We are supposed to be fighting accidental coupling, and especially global variables, not engaging in word games to hide what we are doing.

So I think my answer to OP's question is 'tabulation', which is part data structure and part algorithm.


I wrote some Python code recently that uses a similar data structure (Futures instead of Promises, without knowing necessarily about the data structure's use in JavaScript). It wasn't really for caching.

I modeled mine on the Django ASGI reference library's server implementation, which uses the data structure for maintaining references to stateful event consumers. Exception handling is done with a pre-scheduled long-running coroutine that looks at the map.

I'm curious about your second point -- why exactly do things get bad with high tail latency? Is it only a weakness of the data structure when used for caching? I'm having trouble picturing that.


Suppose the call to evaluate has a p95 of 5 seconds (this is very large of course). If your first call to compute a value hits it, all the subsequent requests for that cell are blocked for 5s. If you didn’t try to cache, only one might block for 5s and the rest could go through fast. On the other hand if you do 20 requests then about one of them will get the p95 latency.

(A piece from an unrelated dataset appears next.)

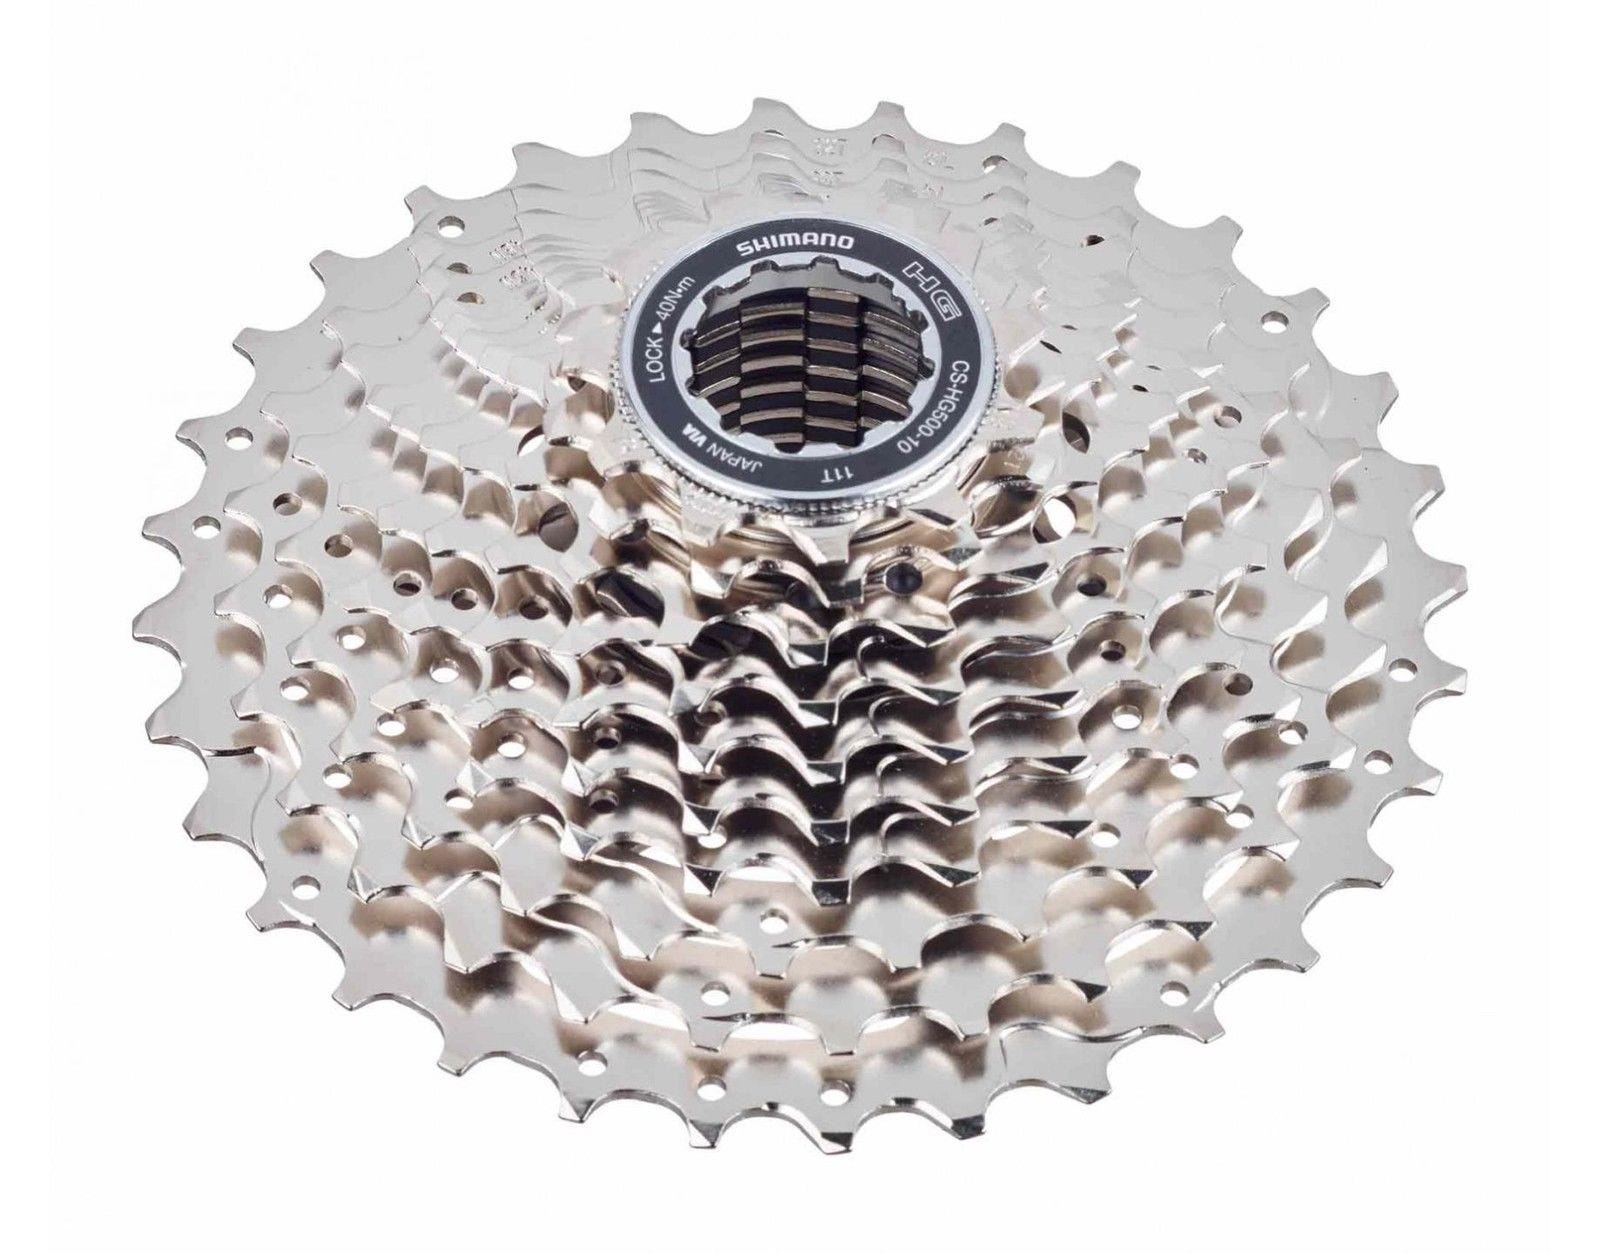 BUNDLE Shimano HG500 10 speed Cassette 11-34 Deore HG54 10sp Chain
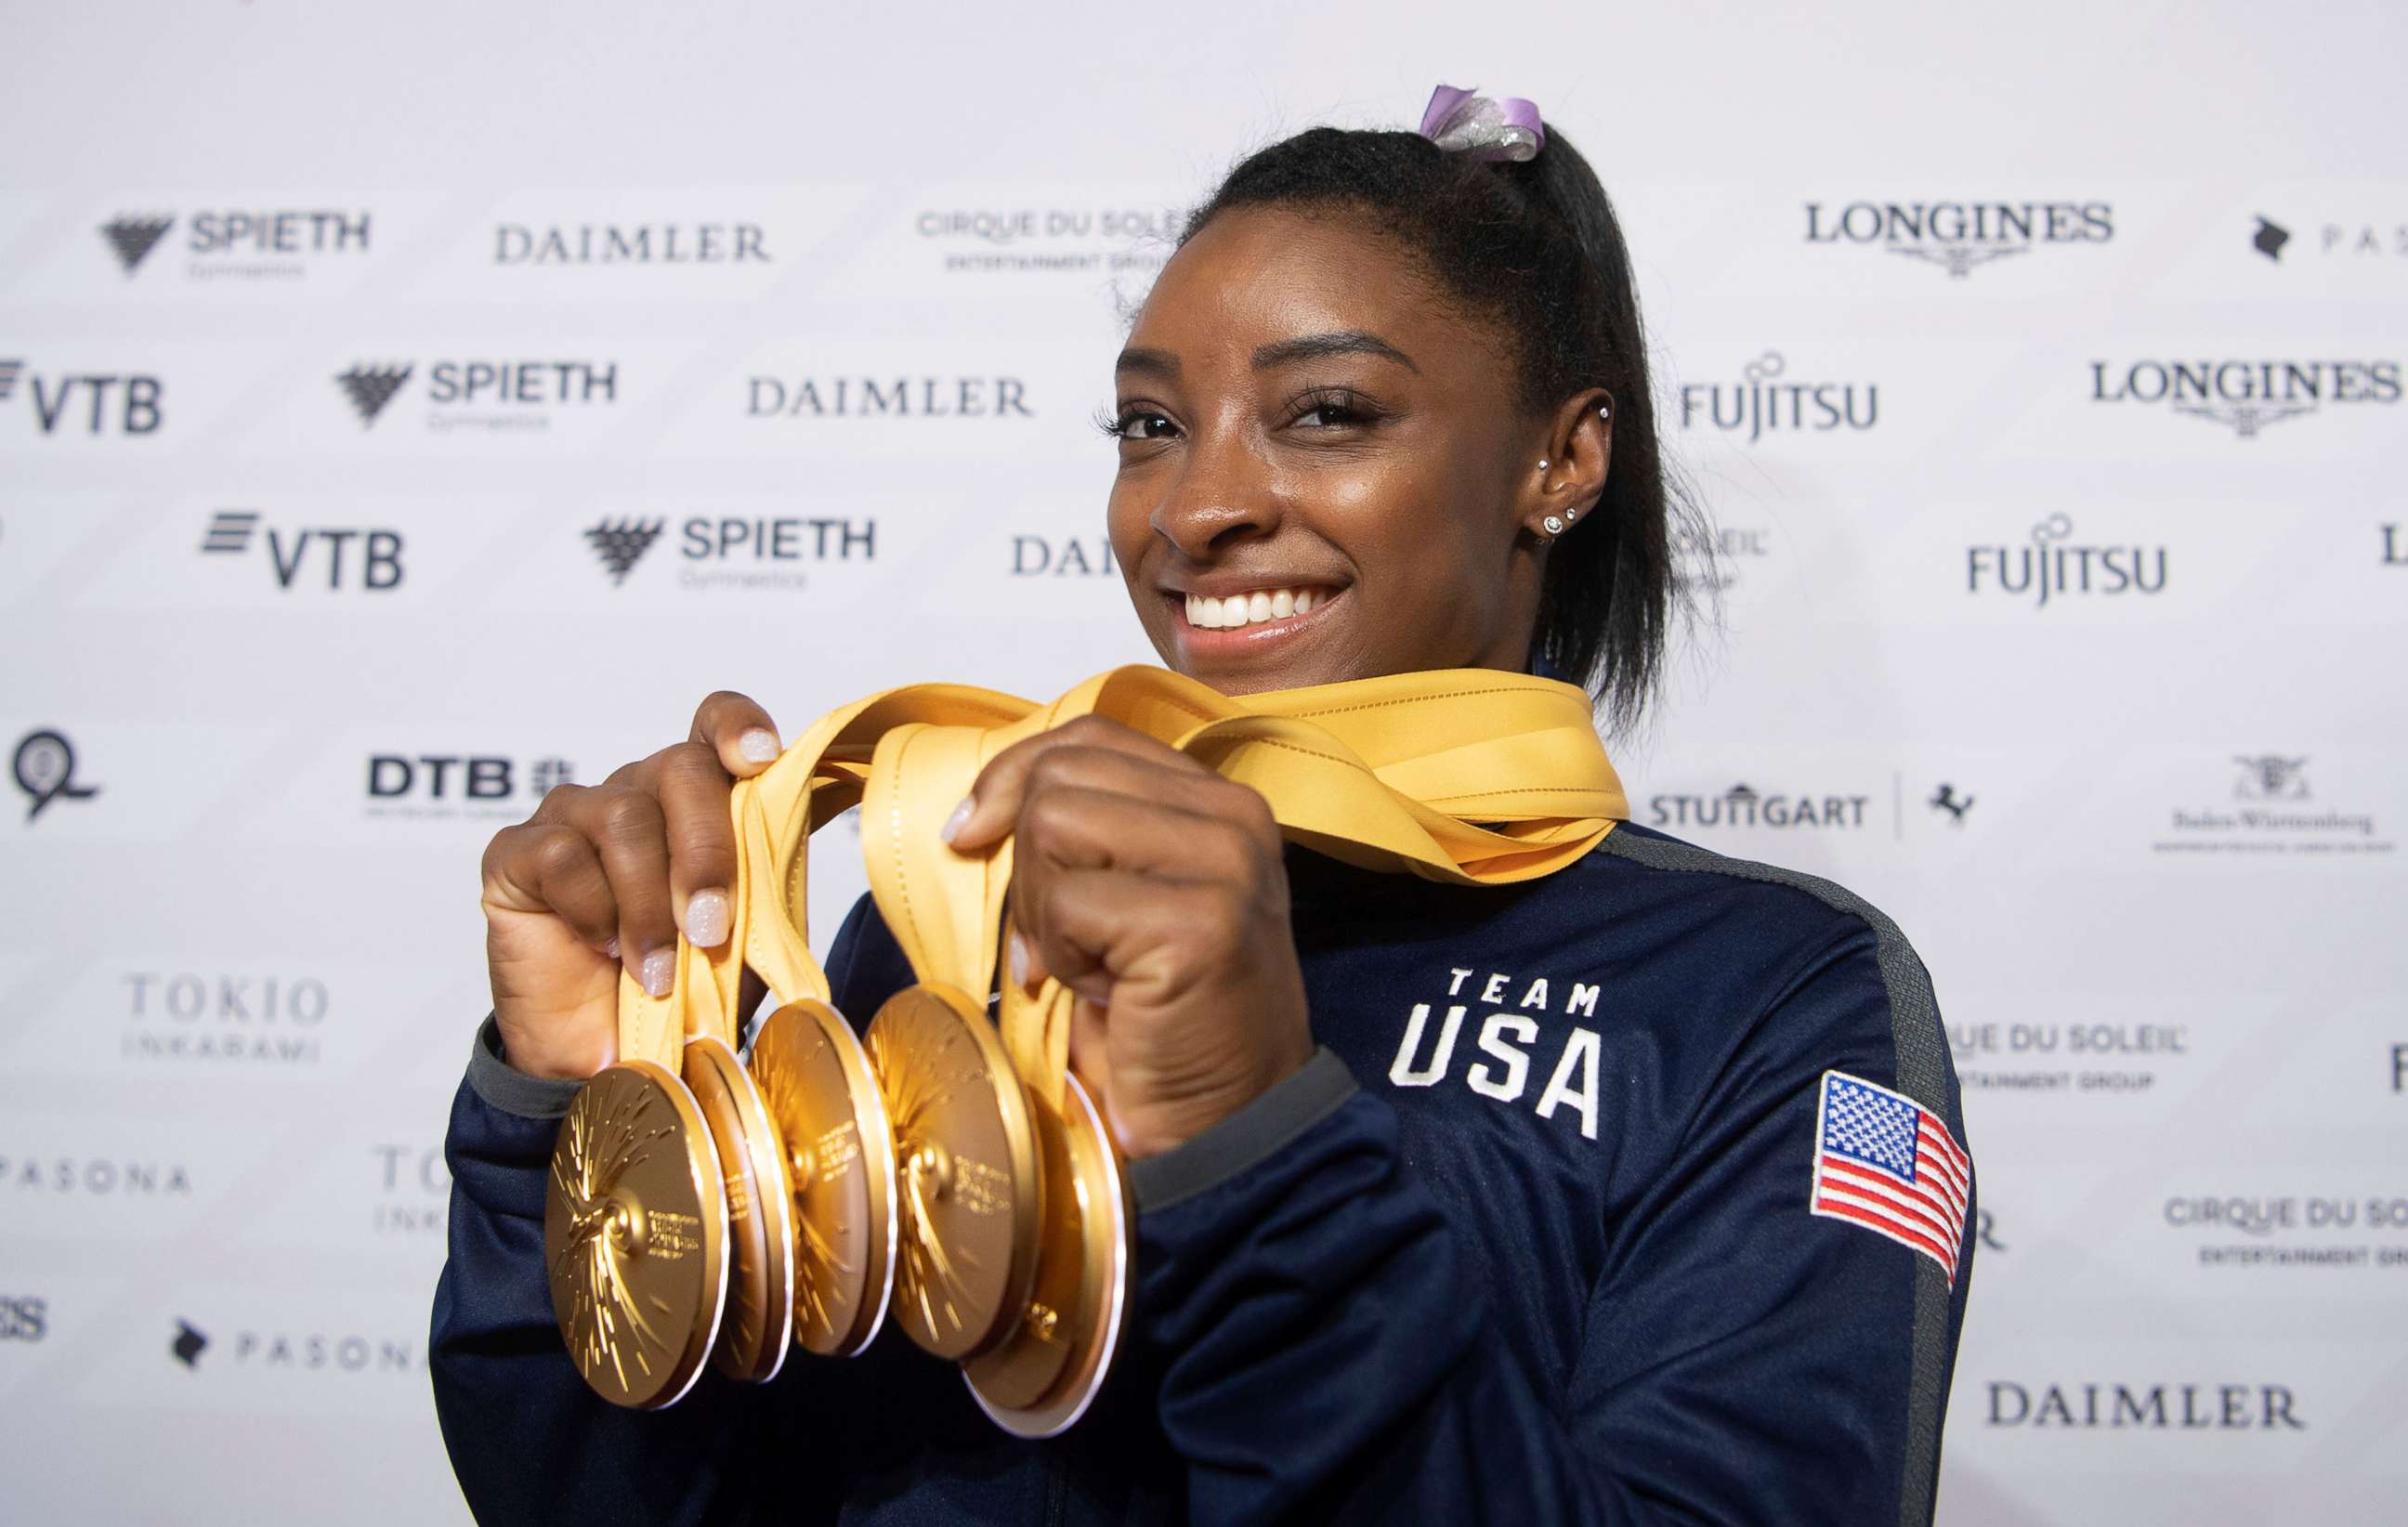 PHOTO: Simone Biles of the United States shows her five gold medals at the Gymnastics World Championships in Stuttgart, Germany, Oct. 13, 2019.

Best practice in my experience is to use a timeout on all async operations to handle edge cases 1 & 2 above. The third case isn't possible with JavaScript AFAIK.


- if the language eagerly binds on determined promises (ie it doesn’t schedule your .then function) you can get weird semantic bugs.

What would be an example of this? If the promise has been determined, why not just immediately run the .then function?


The reason not to do it is to limit the non-determinism of the order of execution.

In Javascript

    f1();
    p.then(f3);
    f2();
functions are always called in the relative order f1, f2, f3 and never f1, f3 , f2 even if p had already resolved.


I know this as memoization with lazy evaluation, nothing new, but at the same time very useful, and I would argue, it is very CS.


not really quite lazy evaluation, thought, at least in Javascript. Promises begin execution as soon as they are created and there is no way to delay that.


Promises are an implementation of lazy evaluation for Javascript. This is exactly lazy evaluation.

By the way, lazy evaluation is the one that offers no guarantees about when your code will be executed. If you can delay the execution, it's not lazy.


Wait. I thought lazy evaluation is defined as evaluation at the time a value is needed. After that I think it will then be in Weak Head Normal Form, which can be thought of as "evaluated at its top level"... but I'm a bit rusty. Basically, an expression gets used somewhere (e.g. pattern matched, in the ADT sense). If it's in WHNF, cool, it's evaluated already (subexpressions within may not yet, but that's their problem--that's exactly what WHNF says). If not, we evaluate it down to WHNF.

Wikipedia states it as: "When using delayed evaluation, an expression is not evaluated as soon as it gets bound to a variable, but when the evaluator is forced to produce the expression's value."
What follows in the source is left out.